**Data section:**
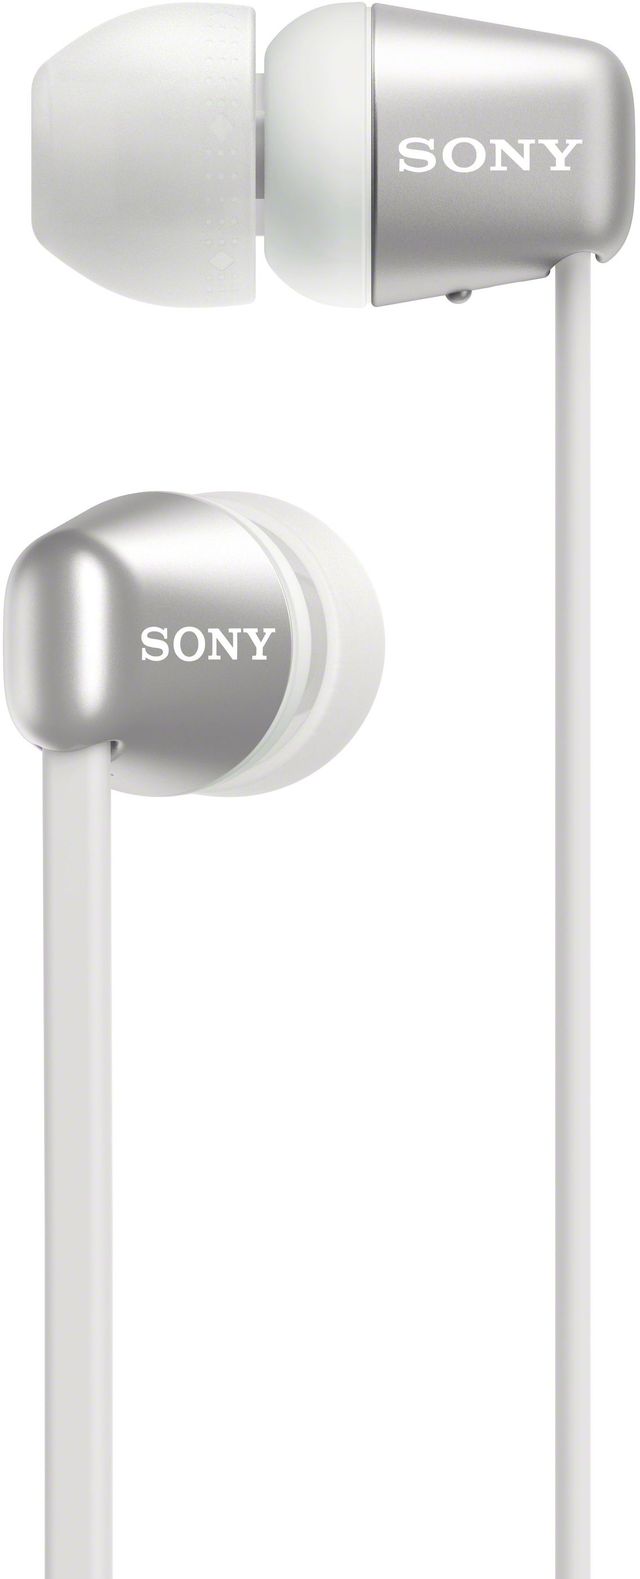 Sony WI-C310 Black Wireless In-Ear Headphones 11
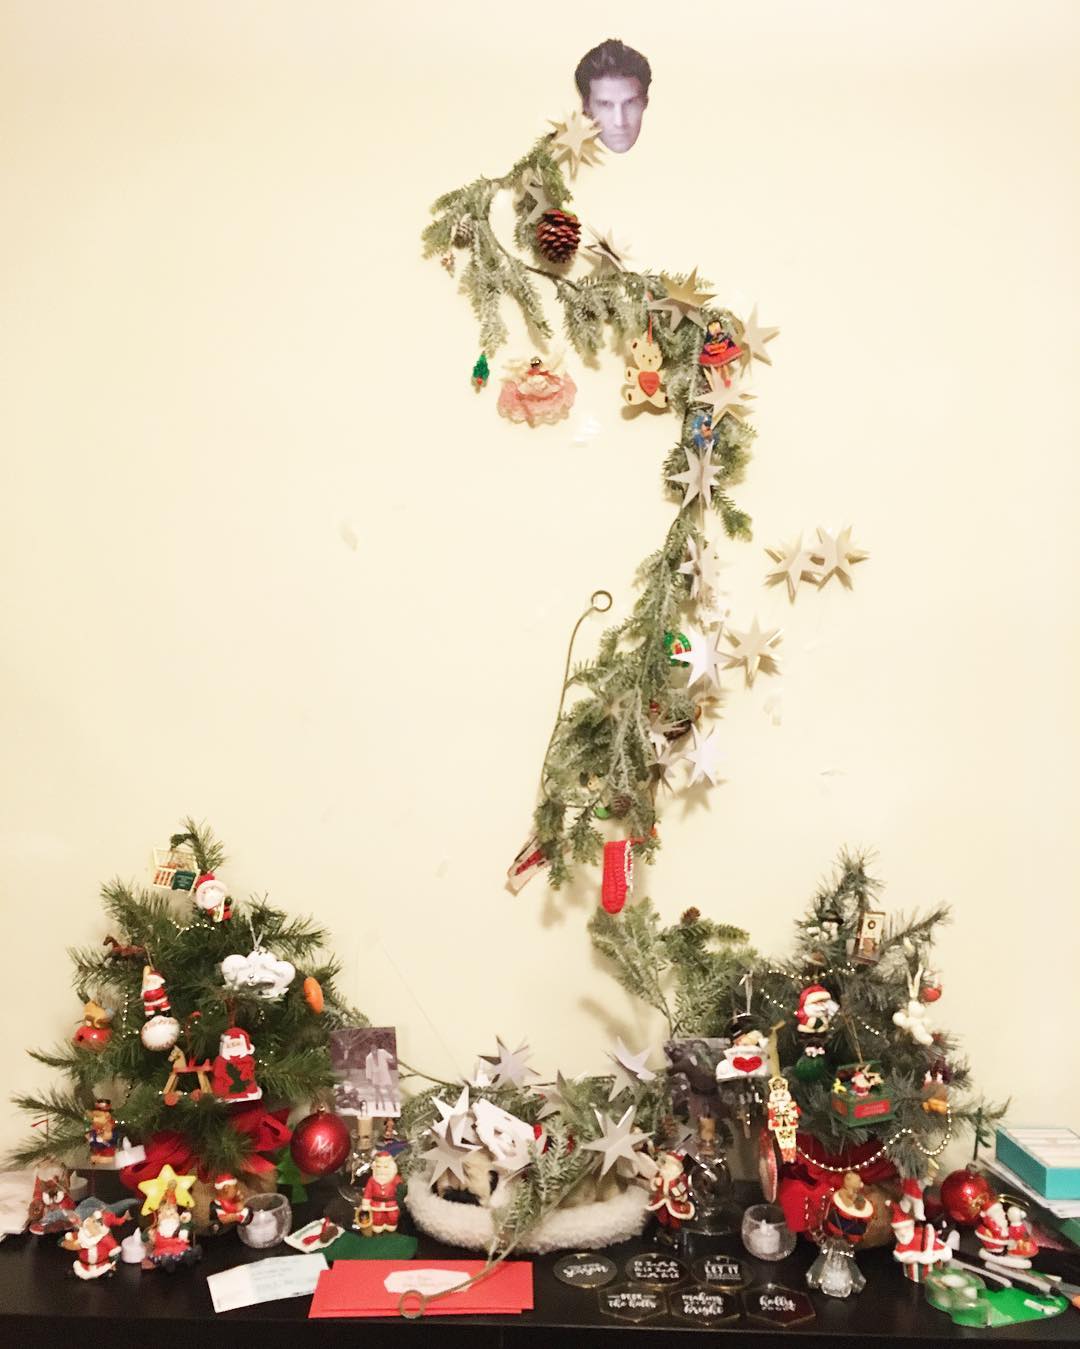 15 decoraciones navideñas mal hechas que no deberían existir
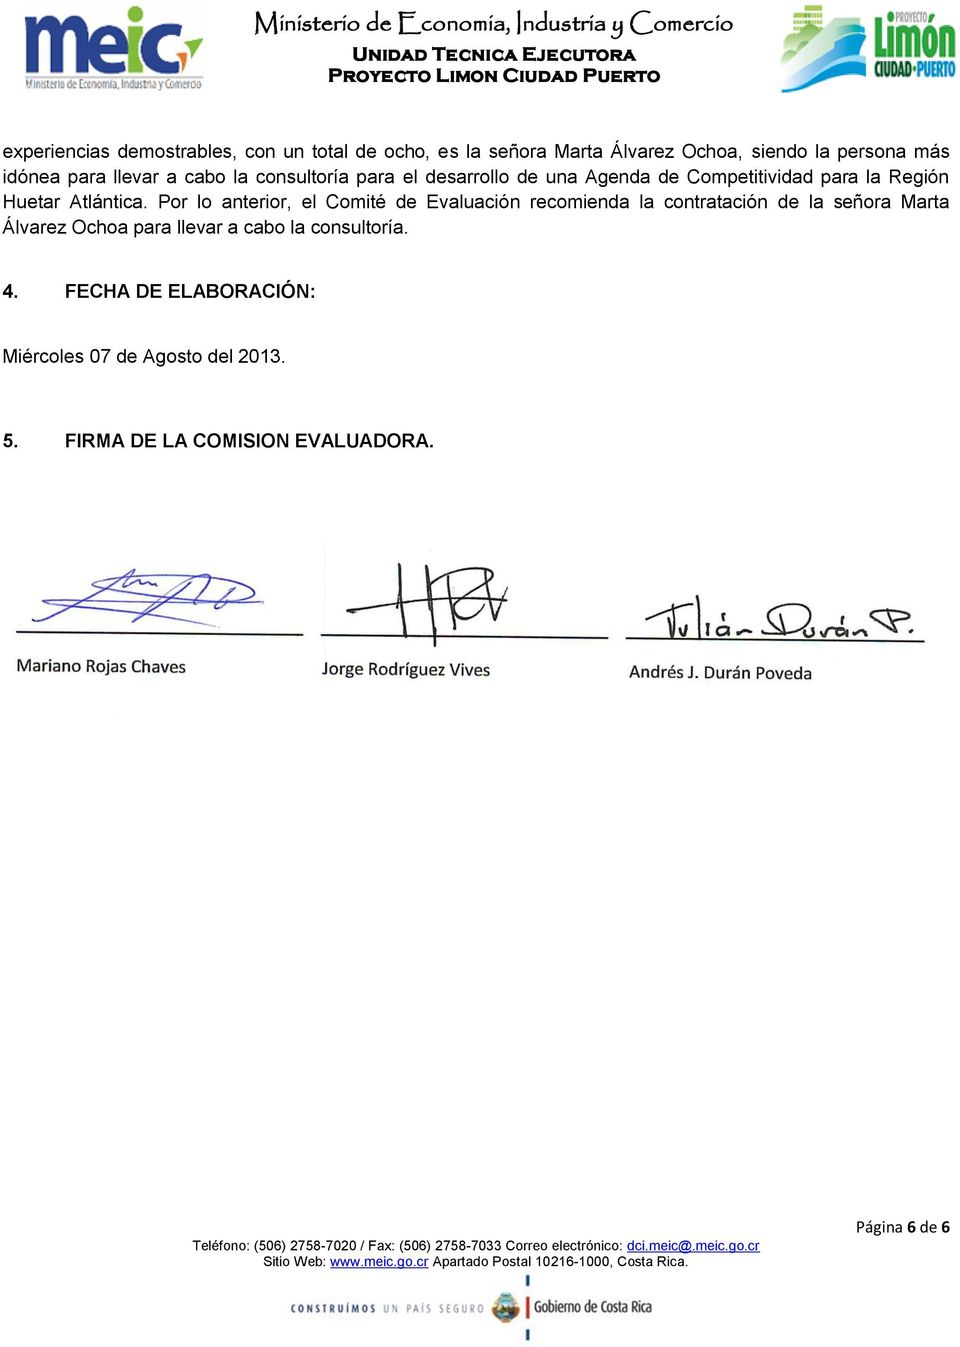 Por lo anterior, el Comité de Evaluación recomienda la contratación de la señora Marta Álvarez Ochoa para llevar a

**What is needed:**
Please transcribe the whole listing above exactly, with the images left out.

**Worked solution:**
 Sony WI-C310 Black Wireless In-Ear Headphones 11
 15 decoraciones navideñas mal hechas que no deberían existir
 Por lo anterior, el Comité de Evaluación recomienda la contratación de la señora Marta Álvarez Ochoa para llevar a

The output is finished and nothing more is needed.